RT-PCR = reverse transcription real-time polymerase chain reaction; SARS-CoV-2 = severe acute respiratory syndrome coronavirus 2.

Following removal of the pleural fluid, the patient’s dyspnea and respiratory failure progressively improved. No recurrence of pleural effusion was observed at daily TUS assessment over the following days.

Discussion

The current diagnostic approach to COVID-19 disease mainly relies on positive RT-PCR assay for SARS-CoV-2 in nasopharyngeal swabs; the sensitivity of this technique is limited, however, especially in later stages with predominant involvement of the lower respiratory tract. For this reason, RT-PCR assay is currently performed on other biological materials, such as BAL fluid and stool. To the best of our knowledge, this case is the first of SARS-CoV-2 detection in pleural fluid.

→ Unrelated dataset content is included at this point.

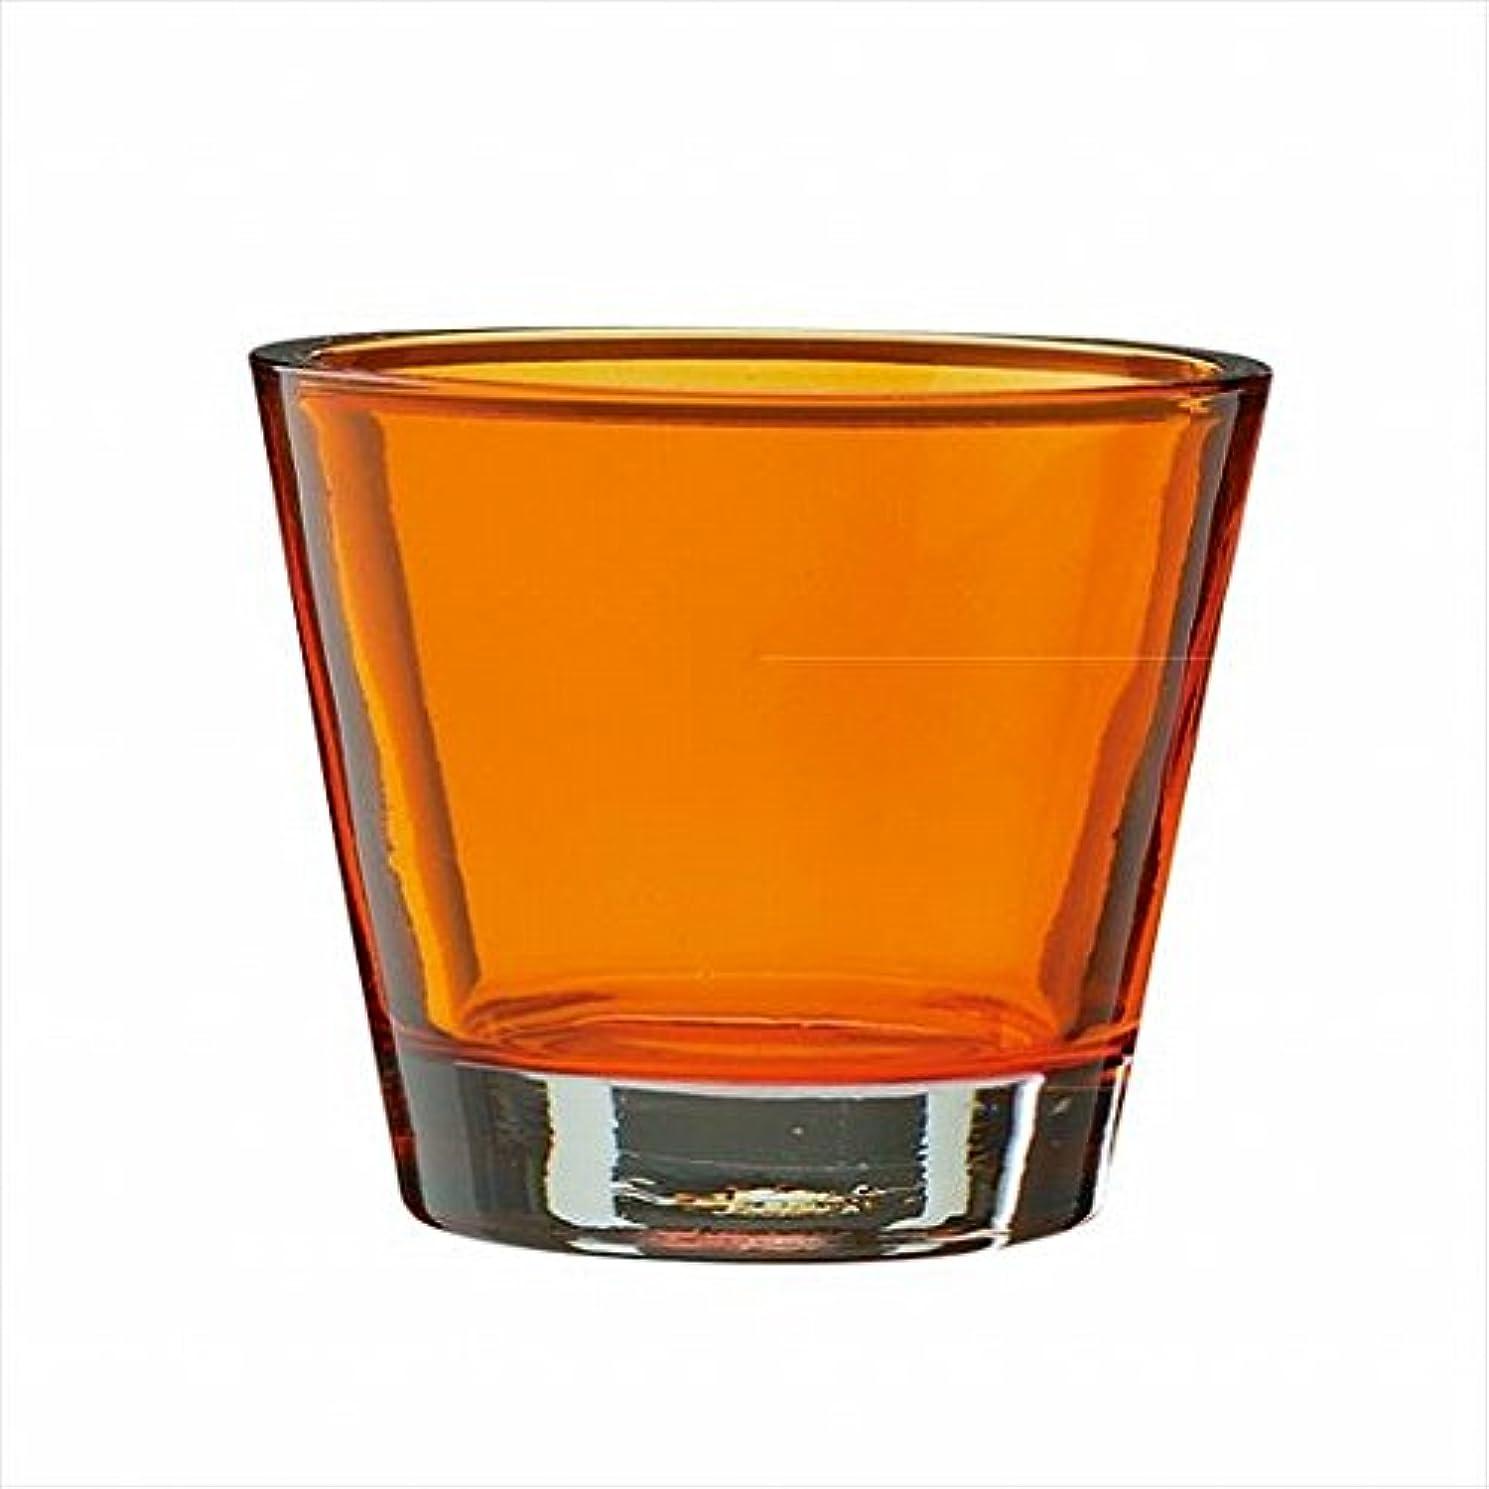 結婚した憂慮すべき付録カメヤマキャンドル(kameyama candle) カラリス 「 オレンジ 」

In the current case, the recognition of a significant pleural effusion was also essential for optimizing patient prognosis, as fluid removal substantially contributed to improvement in respiratory dynamics, leading to better lung expansion (especially during ventilatory positive pressure support).

A further relevant message of this case is the key role of longitudinal TUS evaluation. This evaluation offers the advantage of being low cost, nonionizing, and available at the bedside, leading to reduced risk of transmission for health-care workers during patient transportation and avoidance of having to sanitize larger areas of equipment (just the probe is sanitized instead of the whole radiologic suite).

Pleural effusion is not a common finding in COVID-19 infection. However, clinicians should be aware of this potential disease localization, as its prompt recognition may be useful to optimize diagnostic evaluation in patients with negative upper respiratory tract RT-PCR, as well as management of these patients.